U-6 typically runs several percentage points higher than U-3. When you hear debates about whether the unemployment rate understates the true jobs picture, U-6 is usually what people are pointing to as the more comprehensive alternative.
Seasonal Adjustment
Raw unemployment numbers swing predictably throughout the year. Retailers hire heavily before the holidays and let workers go in January. Construction slows in winter. Schools release teenagers into the job market every summer. If the BLS reported only the raw numbers, a normal January spike in layoffs might look like a recession, and a summer hiring surge might look like a boom.
To strip out these predictable patterns, the BLS applies seasonal adjustment using a statistical program called X-13ARIMA-SEATS. The process builds a model of each data series, identifies the recurring seasonal component, and removes it so that only the underlying trend and genuinely unexpected changes remain. The seasonally adjusted number is what gets reported as the headline figure each month. The BLS reruns this adjustment every month as new data arrive, which means previously published seasonally adjusted figures can be slightly revised.
Why the Measurement Matters for You
Understanding how unemployment is measured helps you interpret the monthly jobs report with more nuance.

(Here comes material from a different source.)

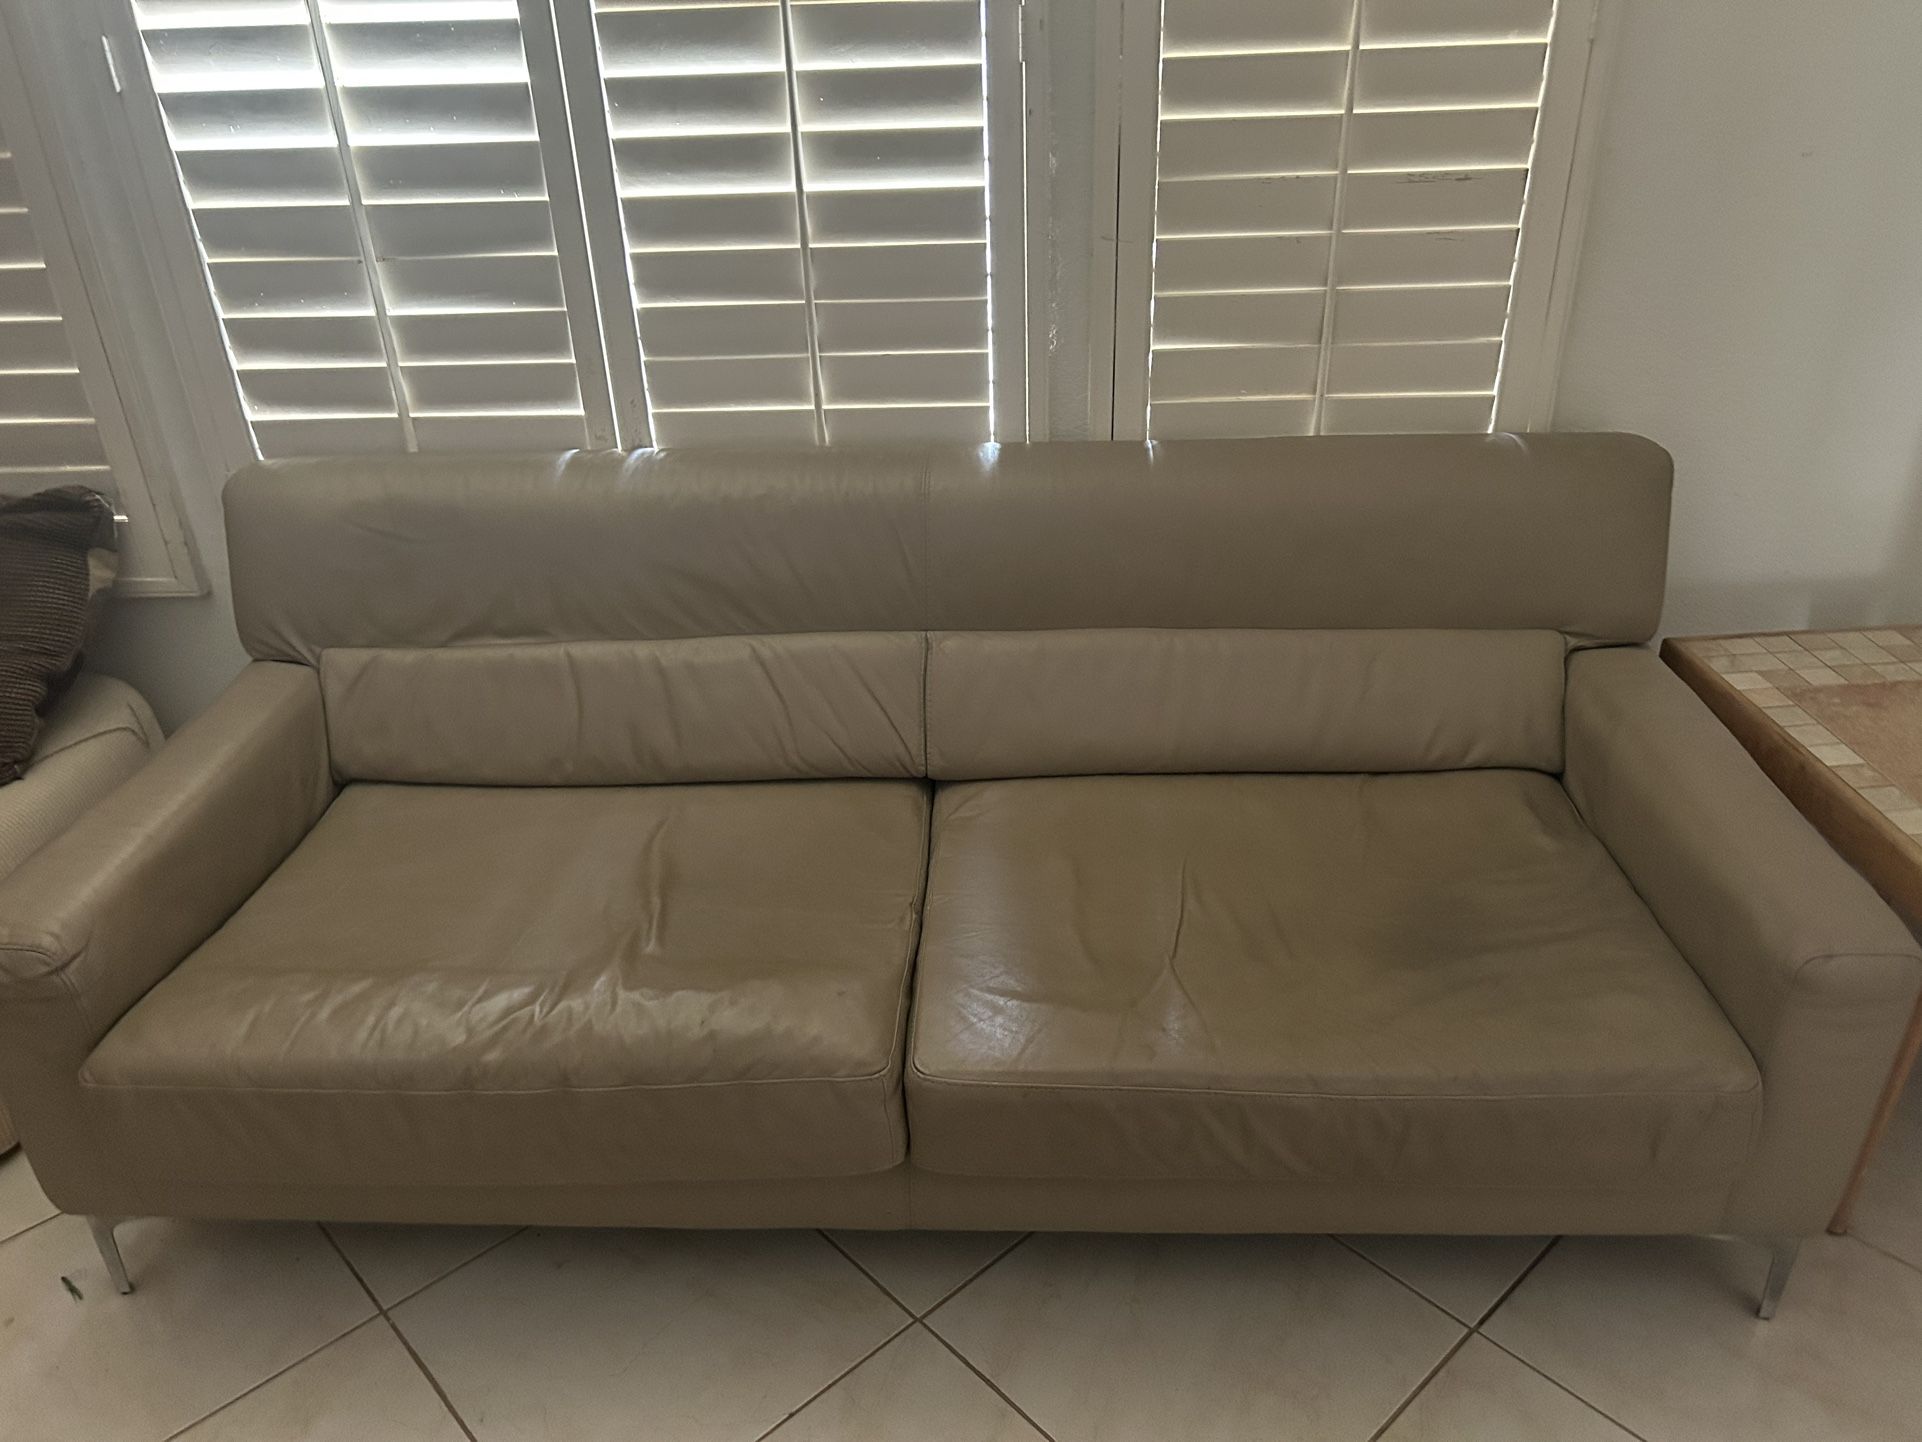  $7000 Italian leather couch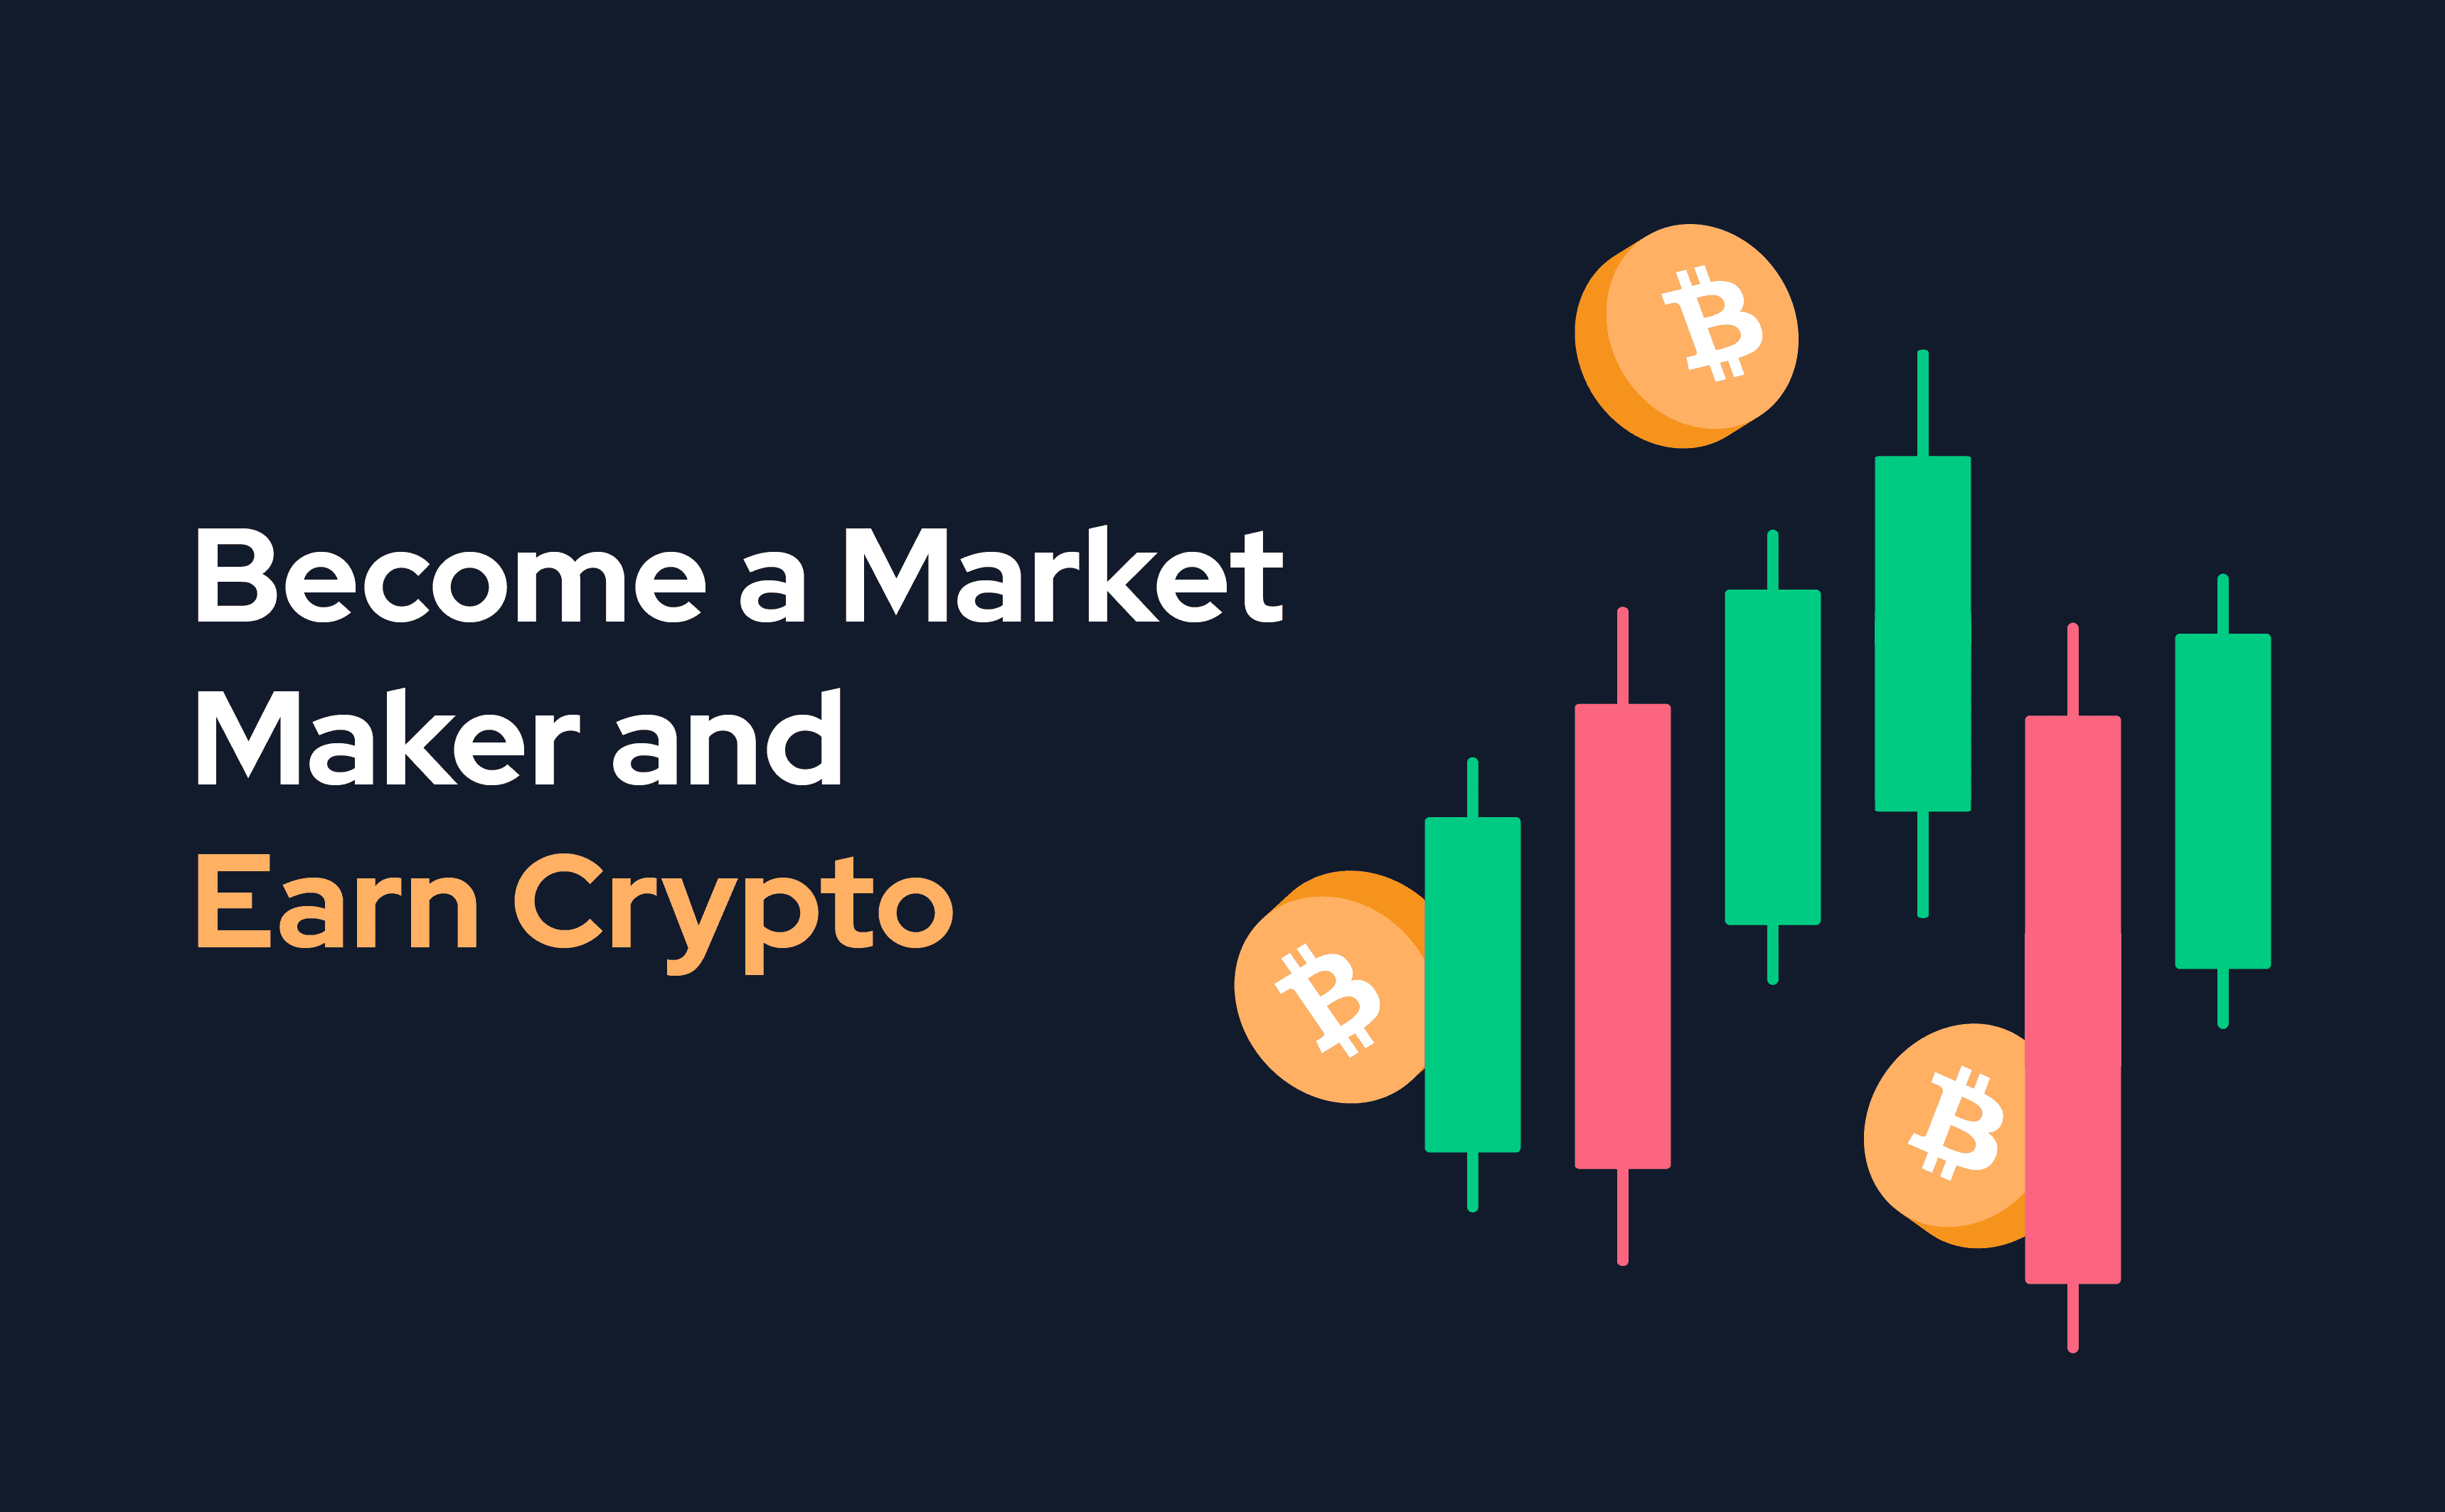 Market makers at SpectroCoin Exchange can earn crypto by making the market.

If the unemployment rate drops but the labor force also shrank, that could mean people stopped looking rather than finding jobs. If U-3 holds steady but U-6 is climbing, more people may be getting stuck in part-time work involuntarily. And because the household survey only requires one hour of paid work to count someone as employed, a falling unemployment rate doesn’t necessarily mean everyone has stable, full-time work.
The monthly jobs report typically comes out on the first Friday of each month. Both the unemployment rate from the household survey and the job-creation number from the payroll survey are released in the same report, published by the BLS. You can find the full data, including all six U-1 through U-6 measures, on the BLS website at bls.gov.